Transport for Victoria is a statutory office of the Department of Transport that is responsible for the planning and coordination of all transport systems in Victoria, Australia.

It acts as an umbrella agency for Public Transport Victoria (PTV, the statutory authority that manages all public transit in Victoria, including trains, trams and buses) and VicRoads (the statutory authority that manages Victoria's roads).

History
The formation of Transport for Victoria was jointly announced on 27 June 2016, by Jacinta Allan, Minister for Public Transport, and Luke Donnellan, Minister for Roads.

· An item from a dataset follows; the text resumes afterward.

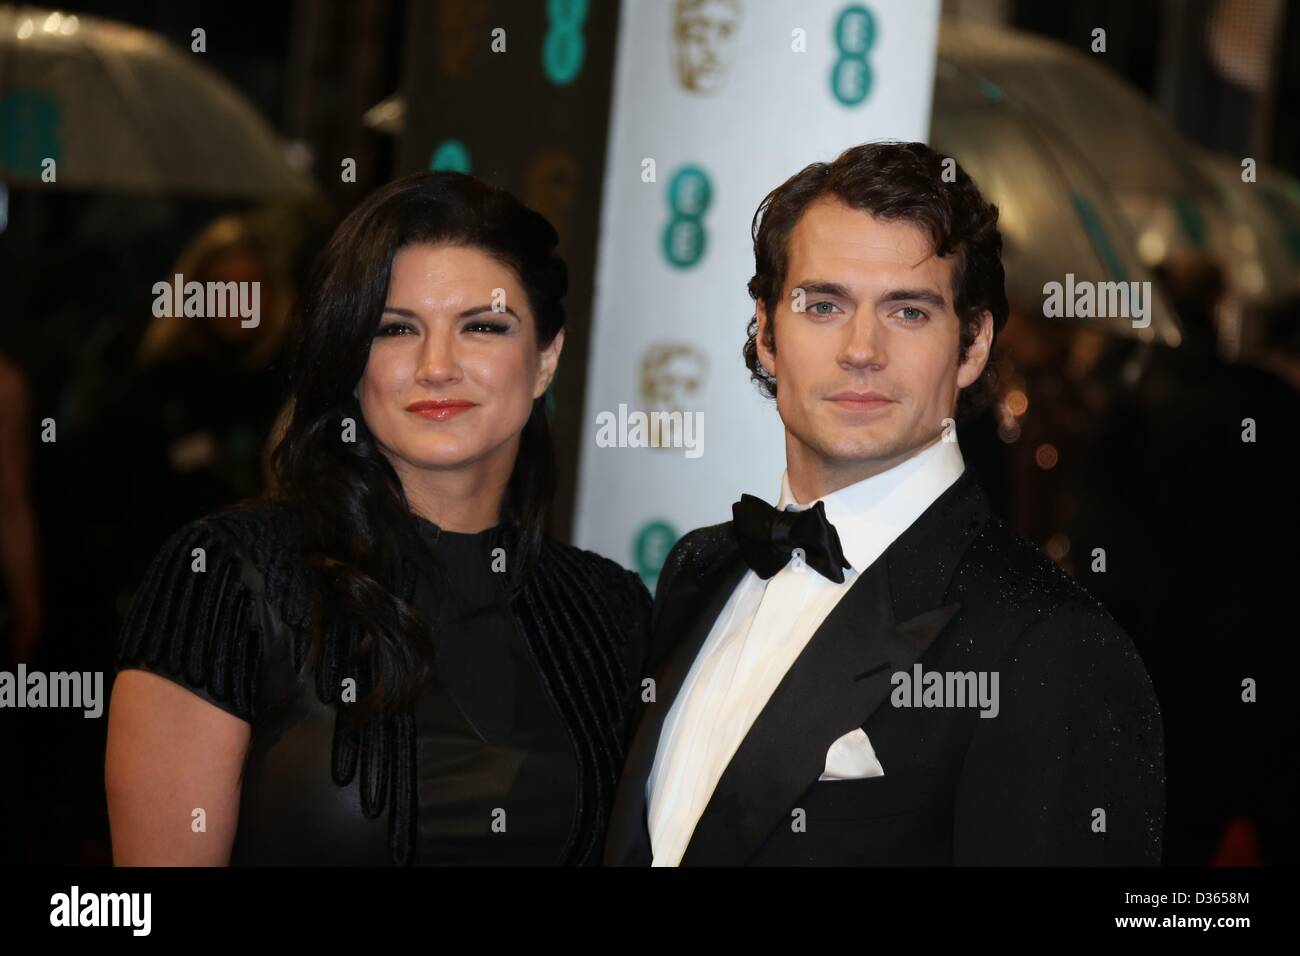 Los Angeles, USA. 22nd February 2013. Actors Henry Cavill and hois  girlfriend Gina Carano arrive at the GREAT British Film Reception at  British Consul General's Residence in Los Angeles, USA, on 22
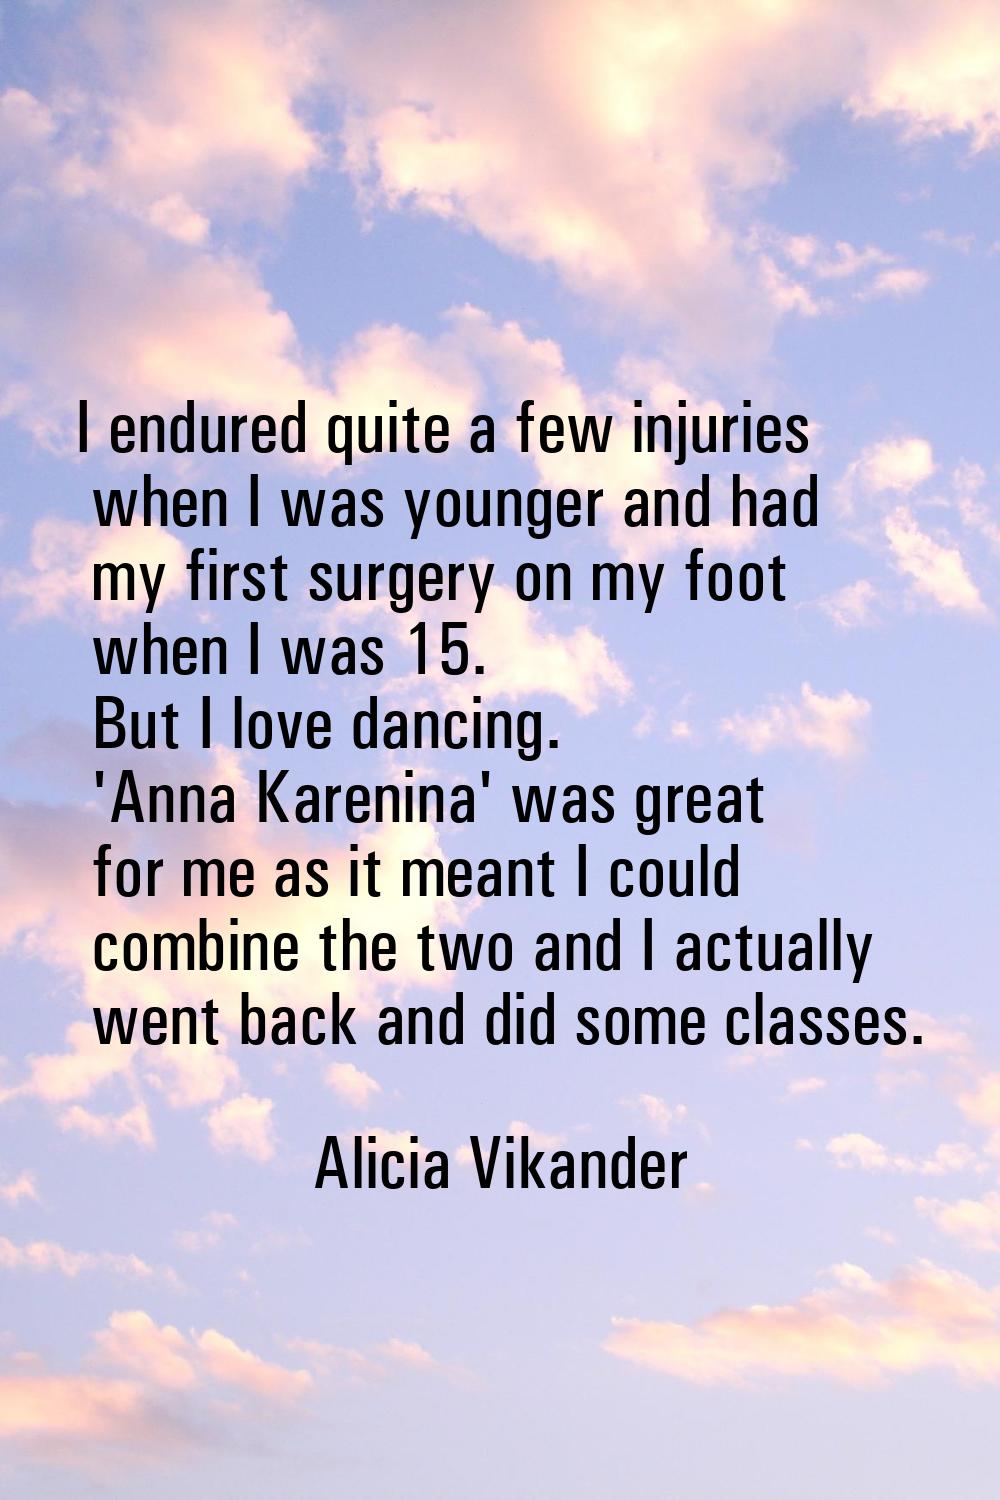 I endured quite a few injuries when I was younger and had my first surgery on my foot when I was 15

At the time, the government anticipated that TFV would eventually become a single point of information for travel within Victoria, as well as a coordinating agency for the planning of transport infrastructure.

Adam Carey, writing in The Age, suggested that the new authority would only undermine the role of the then recently established PTV as an umbrella agency.

The organization became operational in April 2017 to realise the principal objectives of the Transport Integration Act 2010.

At the start of 2019, TFV became part of the newly established Department of Transport.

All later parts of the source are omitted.